College Admissions

Lawsuit From Former Students Alleges Financial Aid Price Fixing at Elite Universities

Federal subsidies for higher education lead to market distortions that affect financially needy students.


Sixteen elite universities, including Yale, Brown, and the Massachusetts Institute of Technology (MIT), are named in a lawsuit filed Monday in the U.S. District Court for the Northern District of Illinois. The lawsuit claims the named schools violated antitrust regulations by colluding to reduce institutional financial aid packages to students.

The lawsuit was filed by five former undergraduate students of three schools named in the suit. Former students Sia Henry (Duke), Michael Maerlander (Vanderbilt), Brandon Piyevsky (Northwestern), Kara Saffrin (Northwestern), and Brittany Tatiana Weaver (Vanderbilt) all attended their schools with the help of need-based financial aid. They claim in their lawsuit that all of their institutions currently belong or recently belonged to a member organization called the 568 Presidents Group, an association of universities founded in 1998 that the plaintiffs argue "has explicitly aimed to reduce or eliminate price competition among its members. As a result of this conspiracy, the net price of attendance for financial-aid recipients at Defendants' schools has been artificially inflated."

The 568 Presidents Group gets its name from Section 568 of the Improving America's Schools Act (IASA) of 1994, which "sets forth the conditions under which financial aid officers from different colleges and universities may establish common approaches for awarding non-federal, or institutional, student aid." The most significant provision in the law, and the one the plaintiffs say schools have violated, is that financial aid officials may only communicate across institutions about aid if they practice "need-blind" admissions, which means that they do not discriminate on the basis of an applicant's ability to pay. In short, the group exists to provide a way for competing universities to work together to the maximum extent allowed by federal law. 

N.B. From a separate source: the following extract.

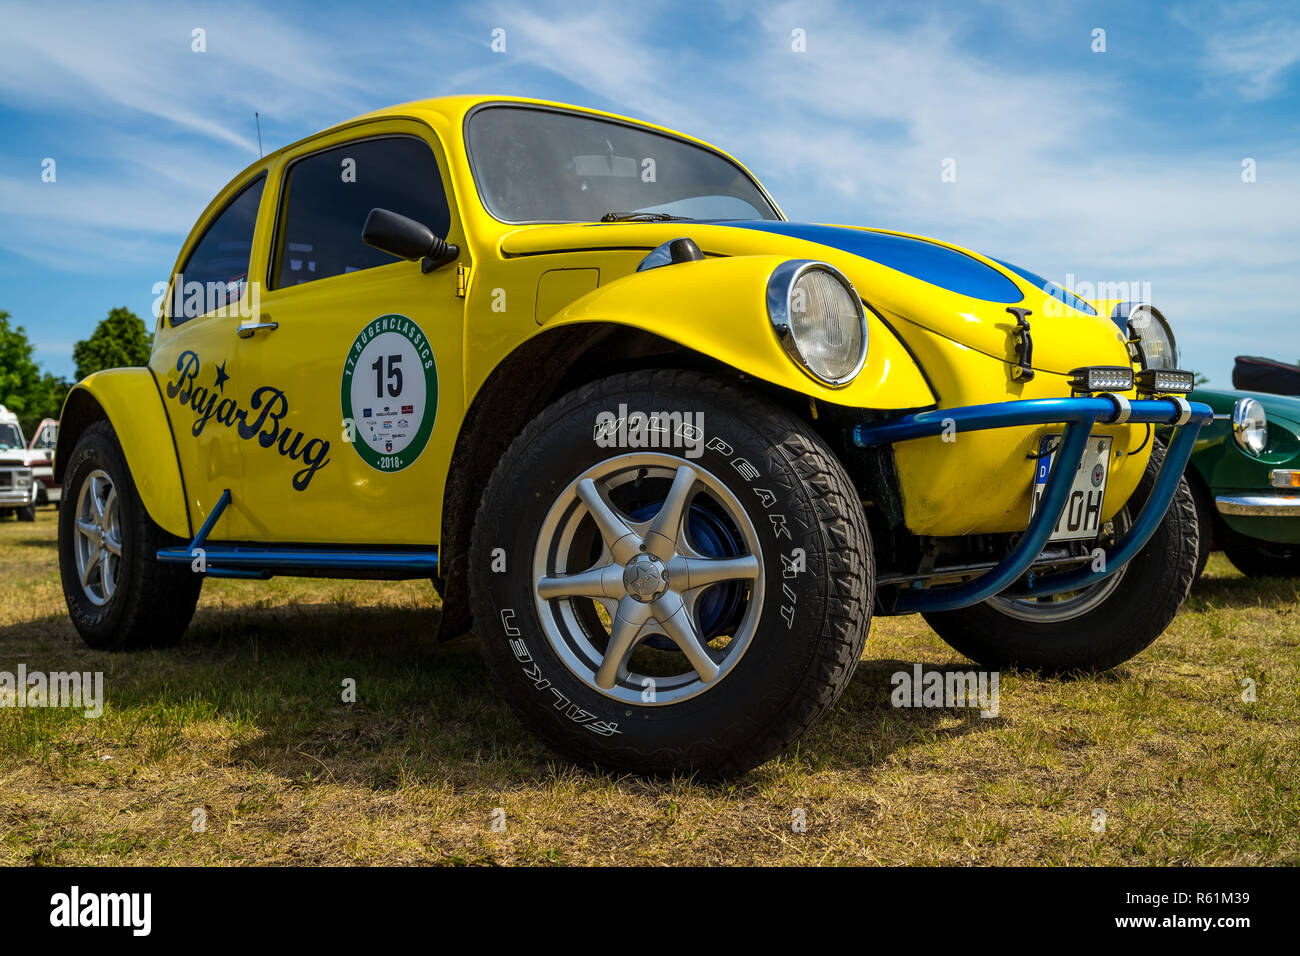 PAAREN IM GLIEN, GERMANY - MAY 19, 2018: A Baja Bug is an original Volkswagen Beetle modified to operate off-road. Die Oldtimer Show 2018. Stock Photo

The 568 Presidents Group claims that cooperation between member schools has "result[ed] in a more accurate and reliable assessment of [a] family's financial circumstances." The website mentions the need for a standard way to value assets like rental properties owned by students' families as well as liabilities like "unusually high medical and dental expenses" when determining who gets financial aid and how much. The group also says its methodology is "more equitable and institutional funds will be awarded in a way that supports the maximum number of students."

But officials at several schools both inside and outside the group have said that its consensus methodology leads member schools to provide less generous financial aid packages compared to some of their peers outside the group. Caesar Storlazzi, Yale's former director of student financial services, claimed after Yale left the group in 2008, but before it rejoined in 2019, that the methodology employed by the organization hampers the ability of institutions to help needy students.

"By leaving the 568 Group, Yale is now free to give families more aid than they would have gotten under the consensus methodology." Storlazzi said in 2008. "In other words, the percentage of a family's income and assets that Yale takes as a parental contribution is now lower than the percentage taken by 568 schools."

Former Harvard director of financial aid Sally Donahue told the Yale Daily News in 2008 that Harvard never joined the cartel because the consensus methodology would've forced it to give need-based financial aid packages smaller than the school preferred.

An anonymous university president surveyed by the Education Conservancy in 2015 referred to the 568 Presidents Group as an "insider's game" from a "bygone era."

What's more, the plaintiffs also allege that several members of the group are not actually 568-compliant because they openly favor the children of alumni and donors when making admissions decisions, and this awareness of applicants' lack of need "disfavors" students who require institutional assistance to attend.

Iain Murray, the vice president for strategy at the Competitive Enterprise Institute, believes that complex federal regulations surrounding student loans have created a landscape that allows this sort of behavior to proliferate.

"One of the problems with areas where there are complex federal regulations, as there are with student financial aid, is that it makes it much more difficult for market competition to work," Murray told Reason in an email. "It's easier to see price competition at work when there are fewer rules. I can't say whether or not there has been price-fixing in this area, but it'd be easier to tell if that's the case were federal rules less complicated."

The ever-increasing cost of college has been a source of frustration and debate for both politicians and American families. Although the schools in the 568 Presidents Group allegedly offer less financial aid than other schools, this is hardly an issue specific to this cohort. There is mounting evidence that the proliferation of federally-backed student loans explains rising tuition costs. Federally-backed loans incentivize colleges to raise tuition costs, because they know families have access to subsidies. If the claims in the lawsuit are true, it suggests colleges are also operating in their own businesslike interests by limiting the number of truly poor students they admit and subsidize in order to minimize the amount of money they need to spend from their own coffers.